106 | Note that the address should be aligned to :math:`2^n` Byte.
107 |
108 | **Bits[10]**
109 | The access flag, a page fault is generated if not set.
110 |
111 | **Bits[7]**
112 | 0 for read-write, 1 for read-only.
113 |
114 | **Bits[6]**
115 | 0 for only kernel access, 1 for user/kernel access.
116 |
117 | **Bits[4:2]**
118 | The index to MAIR.
119 |
120 | **Bits[1:0]**
121 | Specify the next level is a block/page, page table, or invalid.
122 |
123 | .. warning::
124 | If you set Bits[7:6] to 0b01, which means the user can read/write the region,
125 | then the kernel is automatically not executable in that region no matter what the value of Bits[53] is.
126 |
127 | AArch64 memory layout
128 | ========================
129 |
130 | In the 64-bit virtual memory system, the upper address space is usually for kernel mode, and the lower address space is for user mode.
131 |
132 |
133 | .. image:: img/mem_layout.png
134 |
135 | .. note::
136 | The entire accessible physical address could be linearly mapped by to offset 0xffff_0000_0000_0000 for kernel access in the labs.
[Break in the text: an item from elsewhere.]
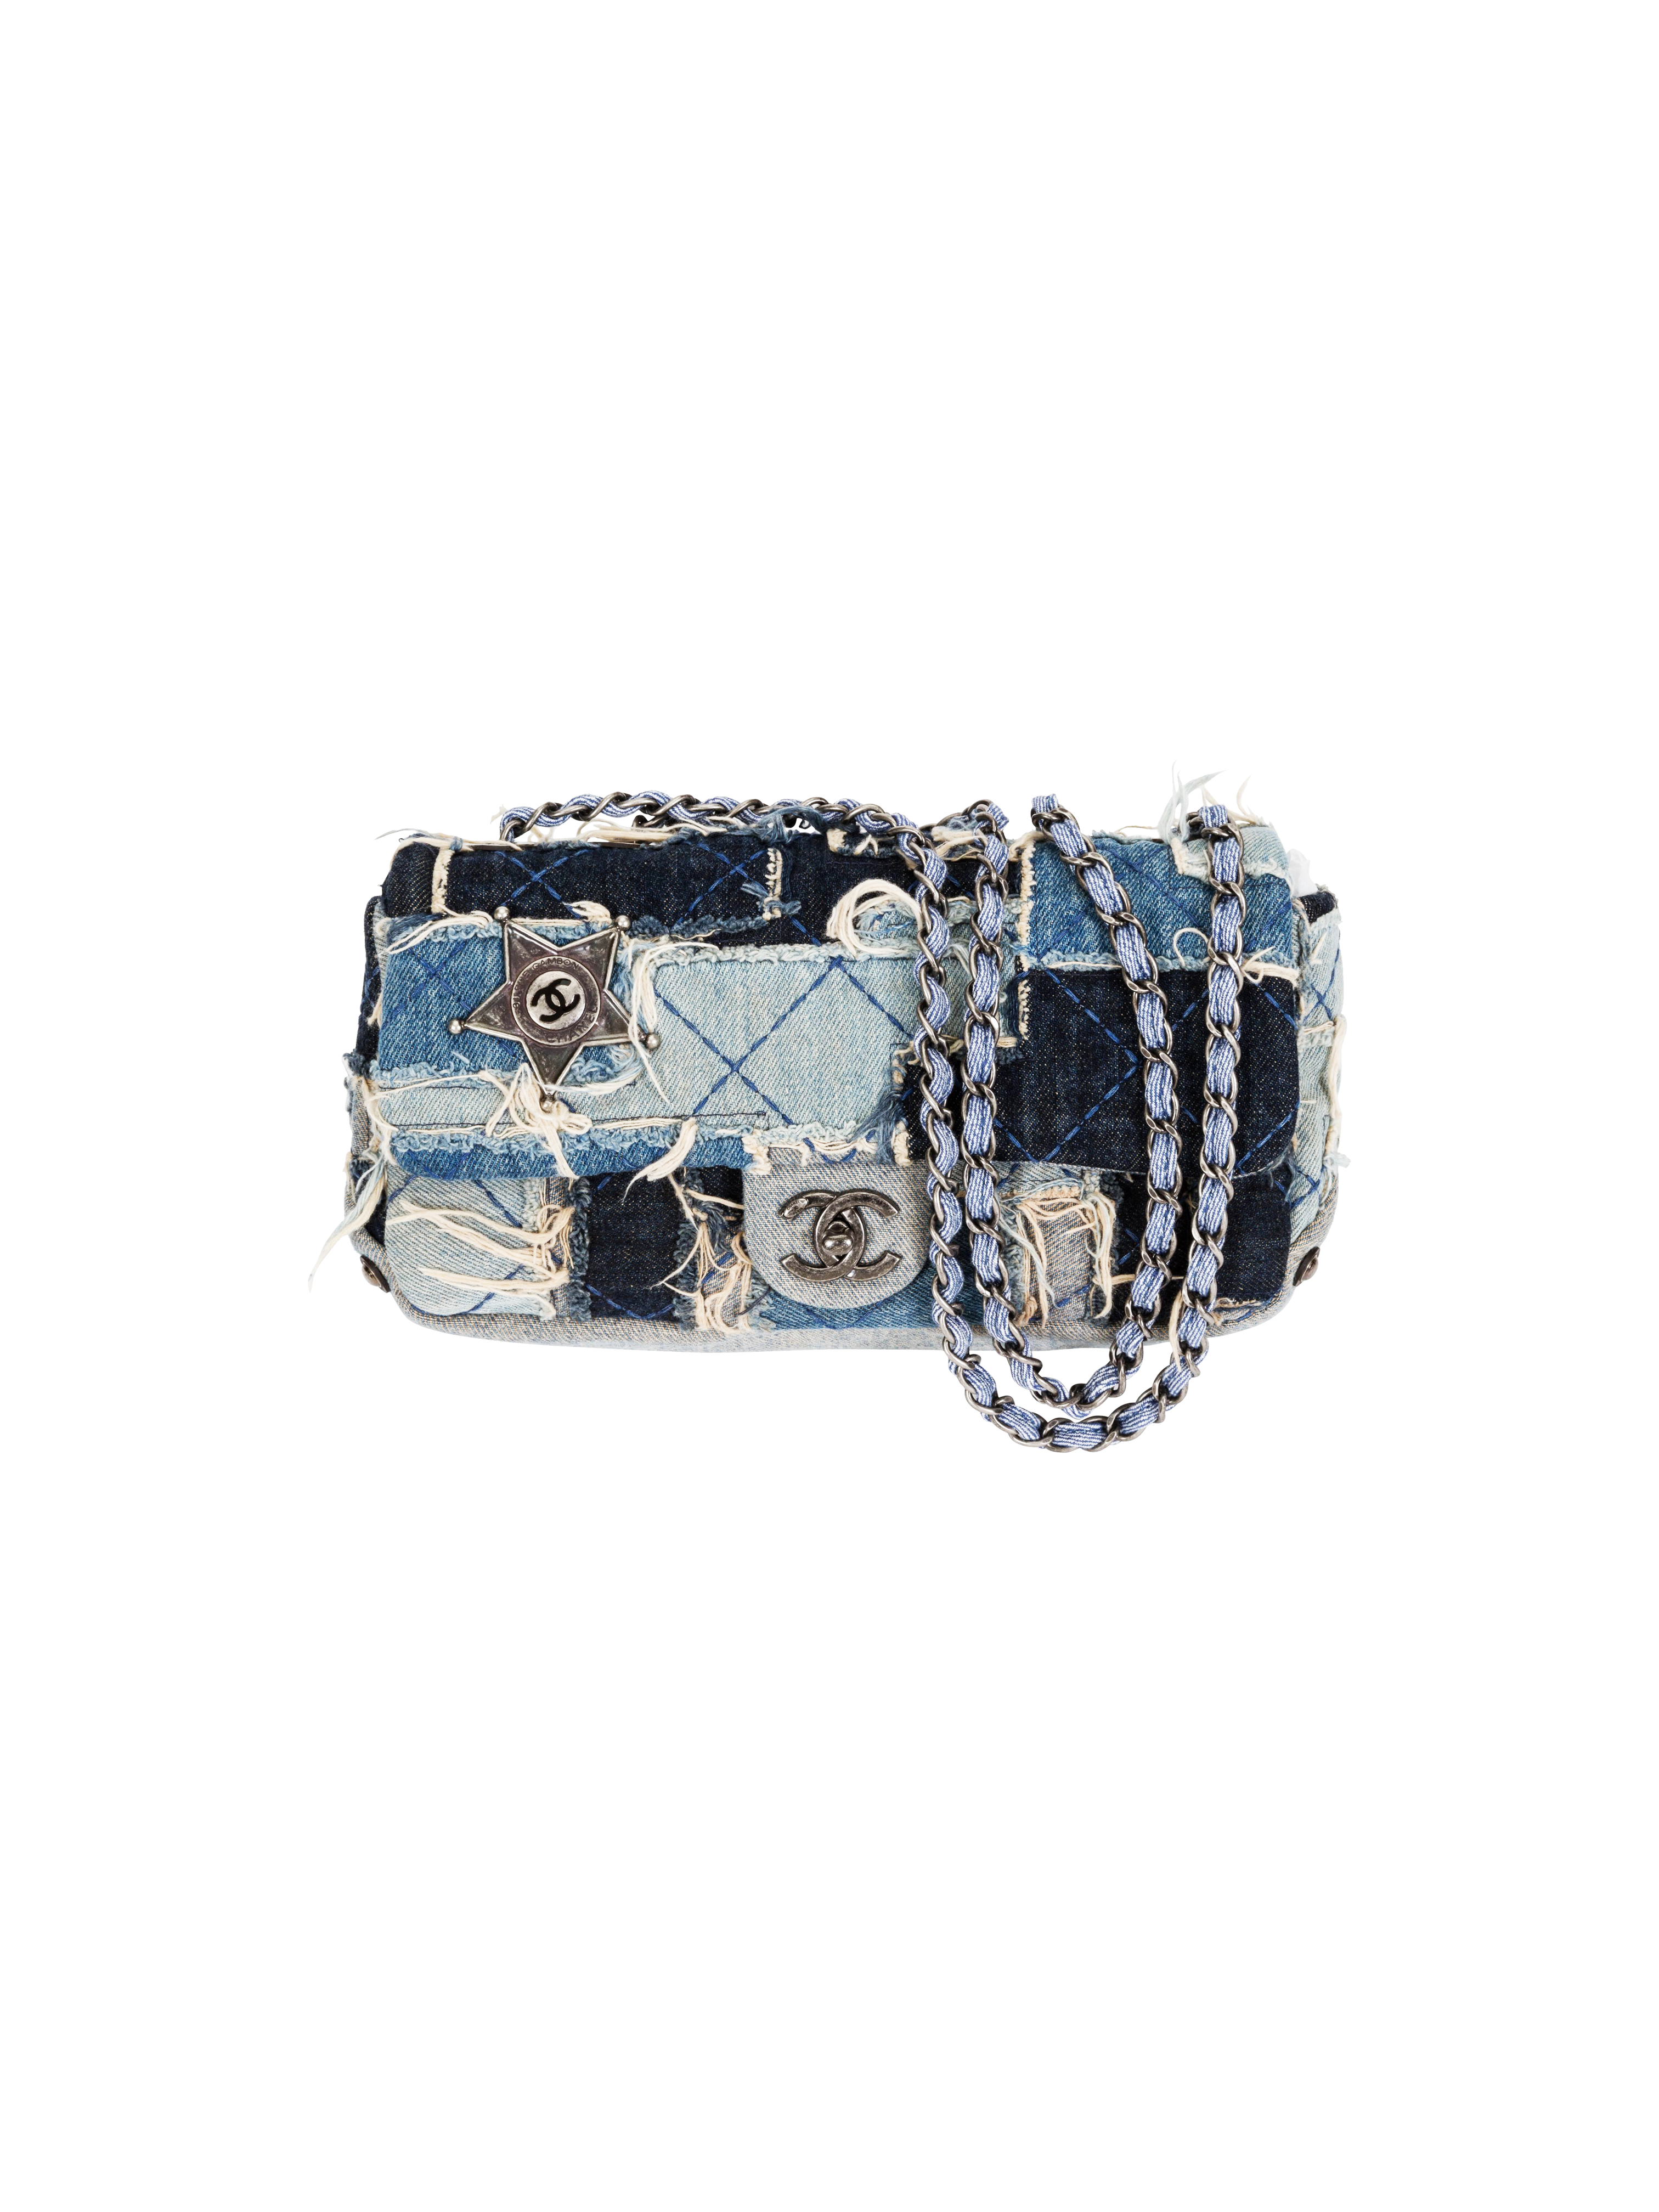 Chanel Paris Dallas 2014 Runway Fringe Tote Shoulder Bag For Sale

137 | It simplfies the design.
138 |
139 | Configuration
140 | ===============
141 |
142 | ARMv8-A has the elasticity for different configurations.
143 | You can change the granularity of paging, the addressable region, etc.
144 | To keep everything simple, the following configuration is specified for this lab.
145 |
146 | * Disable instruction cache.
147 | * Disable data cache.
148 | * The addressable region is 48 bit.
149 | * The page granule size is 4KB.
150 | * Not use address space ID (ASID).
151 |
152 | Reference
153 | ============
154 |
155 | So far, we briefly introduce the concept of virtual memory and ARMv8-A virtual memory system architecture.
156 | For details, you can refer to
157 |
158 | * `ARMv8-A Address Translation `_
159 | * **The AArch64 Virtual Memory System Architecture Chapter(page 1720)** of `ARMv8-A Architecture Reference `_
160 |
161 | *********
162 | Required
163 | *********
164 |
165 | Requirement 1
166 | ===============
167 |
168 | We provide a step-by-step tutorial to guide you to make your original kernel works with virtual memory.
169 | However, we only give the essential explanation in each step.
170 | For details, please refer to the manual.
171 |
172 | Translation Control Register (TCR)
173 | -----------------------------------
174 |
175 | Paging is configured by TCR.
176 | The following basic configuration is used in this lab.
177 |
178 | .. code:: c
179 |
180 | #define TCR_CONFIG_REGION_48bit (((64 - 48) << 0) | ((64 - 48) << 16))
181 | #define TCR_CONFIG_4KB ((0b00 << 14) | (0b10 << 30))
182 | #define TCR_CONFIG_DEFAULT (TCR_CONFIG_REGION_48bit | TCR_CONFIG_4KB)
183 |
184 | ldr x0, = TCR_CONFIG_DEFAULT
185 | msr tcr_el1, x0
186 |
187 | ``required 1-1`` Set up TCR_EL1.
188 |
189 | Memory Attribute Indirection Register (MAIR)
190 | ---------------------------------------------
191 |
192 | Brief Introduction
193 | ^^^^^^^^^^^^^^^^^^^
194 |
195 | The MMU has different memory **access policies** for different **memory regions**.
196 |
197 | * Memory **access policies** are encoded as attributes and stored in MAIR.
198 |
199 | * To select the attribute for a certain **memory region**, each page table's entry contains the index to the attribute. (see :ref:`page_attr`)
200 |
201 | When the MMU gets a virtual address, it gets the index from the page table's entry and looks up MAIR to get the memory attribute.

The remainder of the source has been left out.